Using the initial-change-equilibrum (ICE) moles table:
2IBr(g) | ⇌ | I2(g) | + | Br2(g) | |
I | 0.50 | 0 | 0 | ||
C | 1st −0.20 | 2nd +0.10 | 2nd +0.10 | ||
E | 0.30 | 3rd 0.10 | 3rd 0.10 | ||
The non-bold information is given in the question.
We have initial and equilibrium moles of IBr so the 1st step is to calculate the change in IBR: −0.20
If we have the change in IBr we can then calculate the change in I2 and Br2 (2nd): The mole ratio is 2:1, so two moles of IBr used up will produced one mole of iodine and one mole of bromine. Thus 0.20 mol of IBr used up will produced 0.10 mol of both iodine and bromine.
We now have the initial moles and change for Br2, so lastly (3rd) we can calculate the moles at equilibrium: 0+0.10=0.10 mol
The correct answer is 0.10
A gaseous sample of pure dinitrogen tetroxide (N2O4) is heated and allowed to reach equilibrium at 50°C.
N2O4(g) ⇌ 2NO2(g)
If 0.500 mol of dinitrogen tetroxide (N2O4) was initially present and at equilibrium 0.050 mol of nitrogen dioxide (NO2) could be detected.
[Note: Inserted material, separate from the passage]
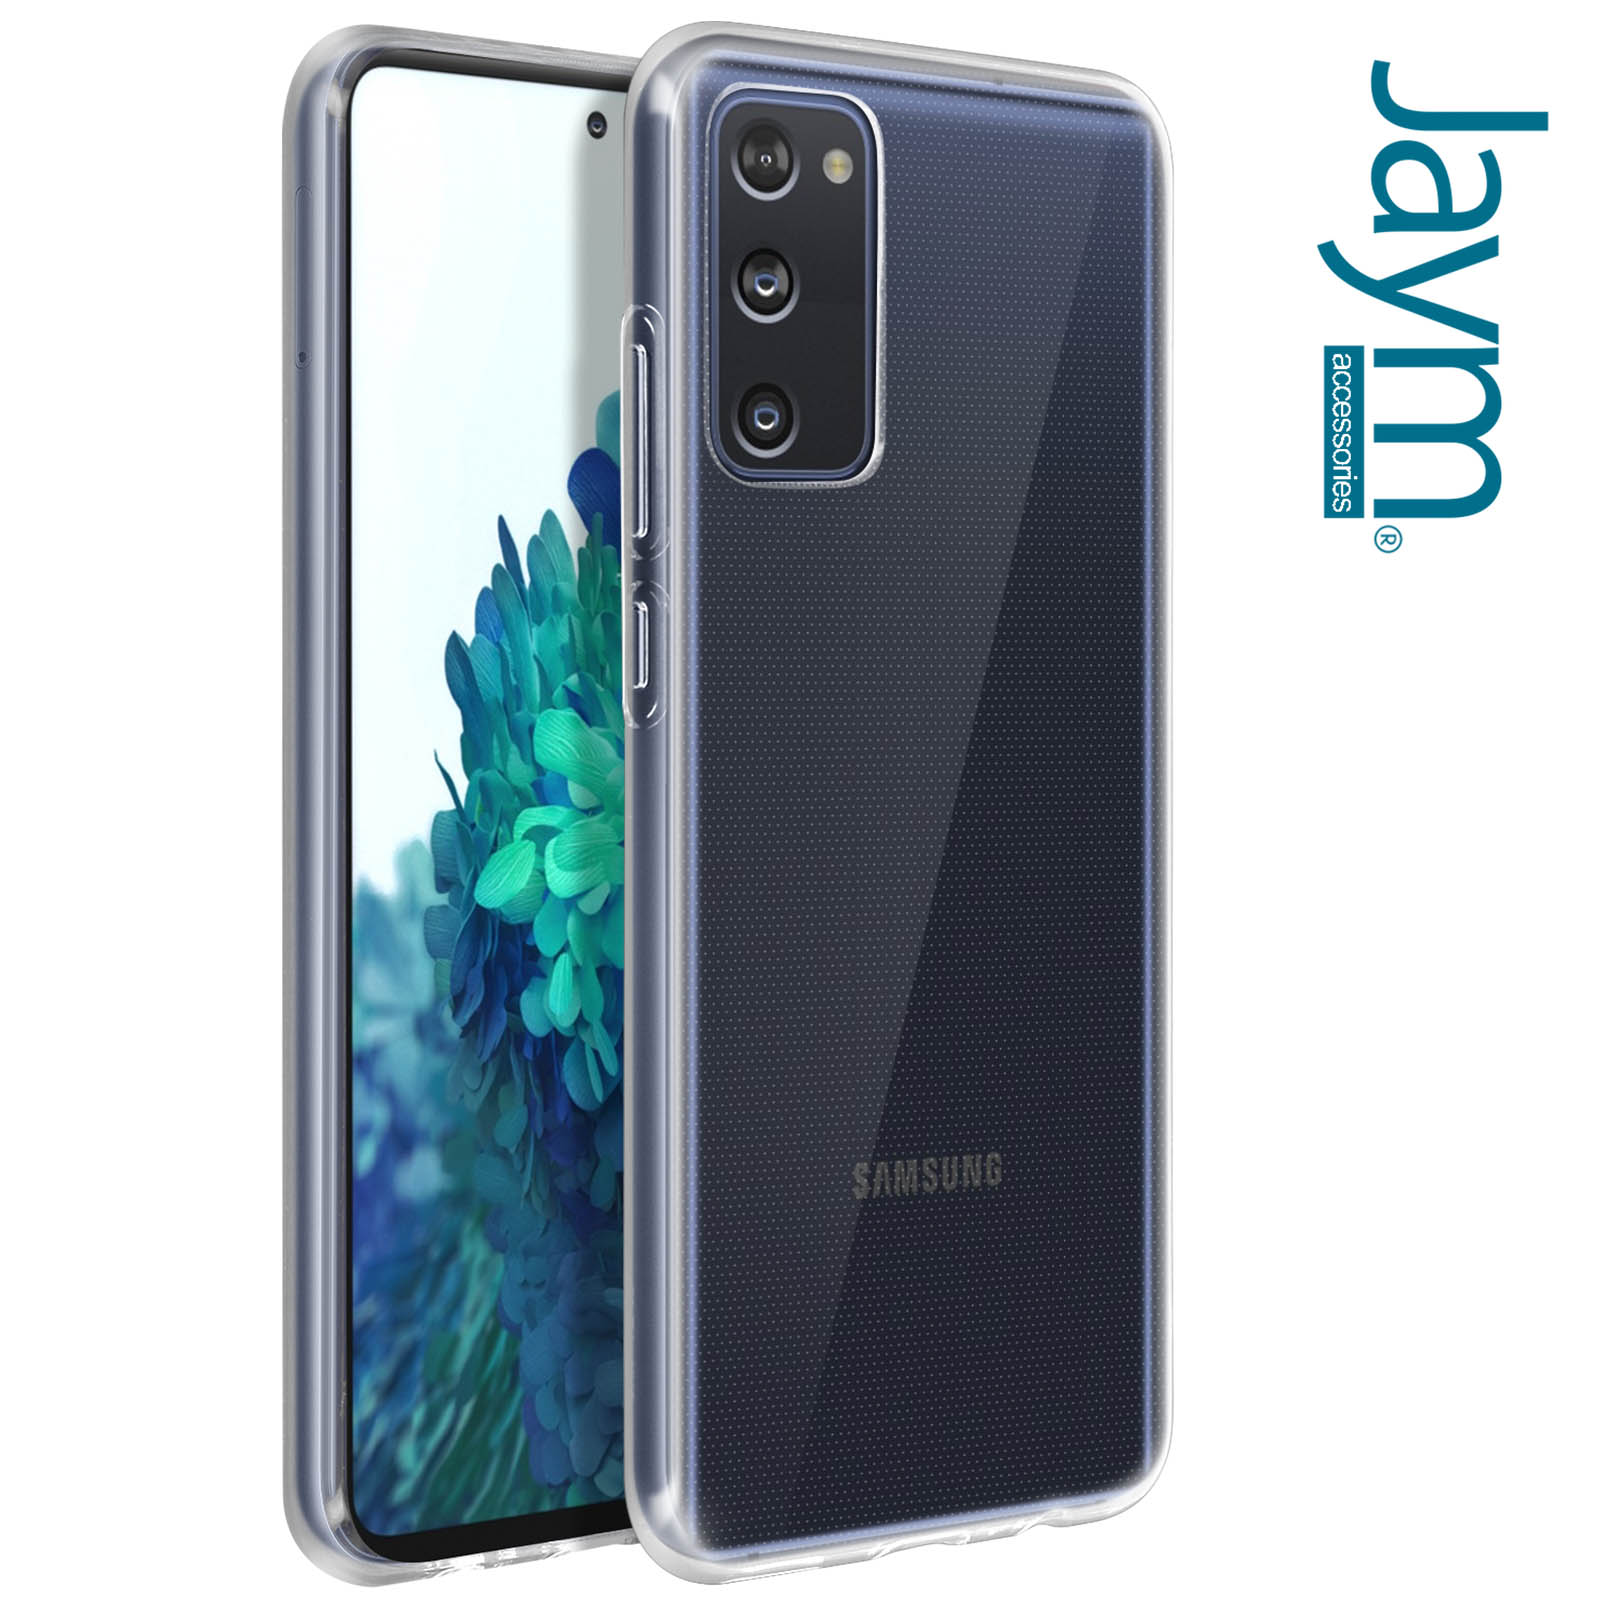 Funda Samsung Galaxy S20 Plus ultrafina (transparente)

How many moles of dinitrogen tetroxide are present in the equilibrium mixture?
Using the initial-change-equilibrum (ICE) moles table:
N2O4(g) | ⇌ | 2NO2(g) | |
I | 0.500 | 0 | |
C | 2nd −0.025 | 1st +0.050 | |
E | 3rd 0.475 | 0.050 | |
The non-bold information is given in the question.
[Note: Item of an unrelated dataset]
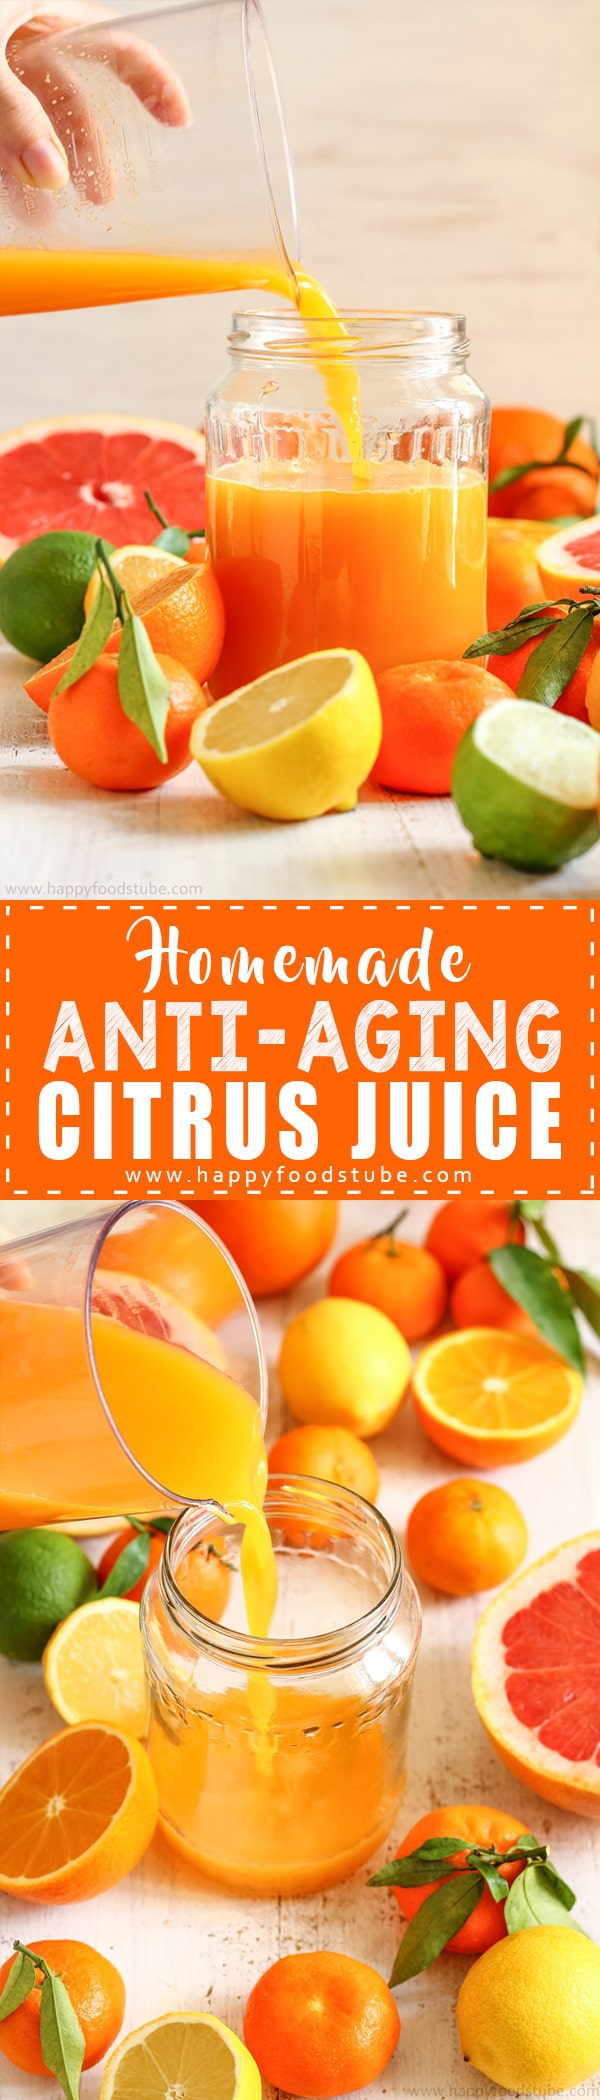 nasa anti aging juice recept)

We have initial and equilibrium moles of NO2 so the 1st step is to calculate the change in NO2: +0.050.
If we have the change in NO2 we can then calculate the change in N2O4 (2nd): The mole ratio is 1:2, so two moles of NO2 produced will use up one mole of N2O4. Thus 0.050 moles of NO2 produced uses up (half the amount) 0.025 mol of N2O4.
We have the initial moles and change for N2O4, so lastly (3rd) we can calculate the moles of N2O4 at equilibrium: 0.500−0.025=0.475 mol
The correct answer is 0.475
A gaseous sample of pure dinitrogen tetroxide (N2O4) is heated in a 600cm3 flask and allowed to reach equilibrium at 60°C.
N2O4(g) ⇌ 2NO2(g)
If 0.400 mol of dinitrogen tetroxide (N2O4) was initially present and at equilibrium 0.200 mol of nitrogen dioxide (NO2) could be detected.
What is the value of Kc under these conditions?
Using the initial-change-equilibrum (ICE) moles table:
N2O4(g) | ⇌ | 2NO2(g) | |
I | 0.400 | 0 | |
C | 2nd −0.100 | 1st +0.200 | |
E | 3rd 0.300 | 0.200 | |
The moles of each species at equilibrium must be calculated. The non-bold information is given in the question.
We have initial and equilibrium moles of NO2 so the 1st step is to calculate the change in NO2: +0.200.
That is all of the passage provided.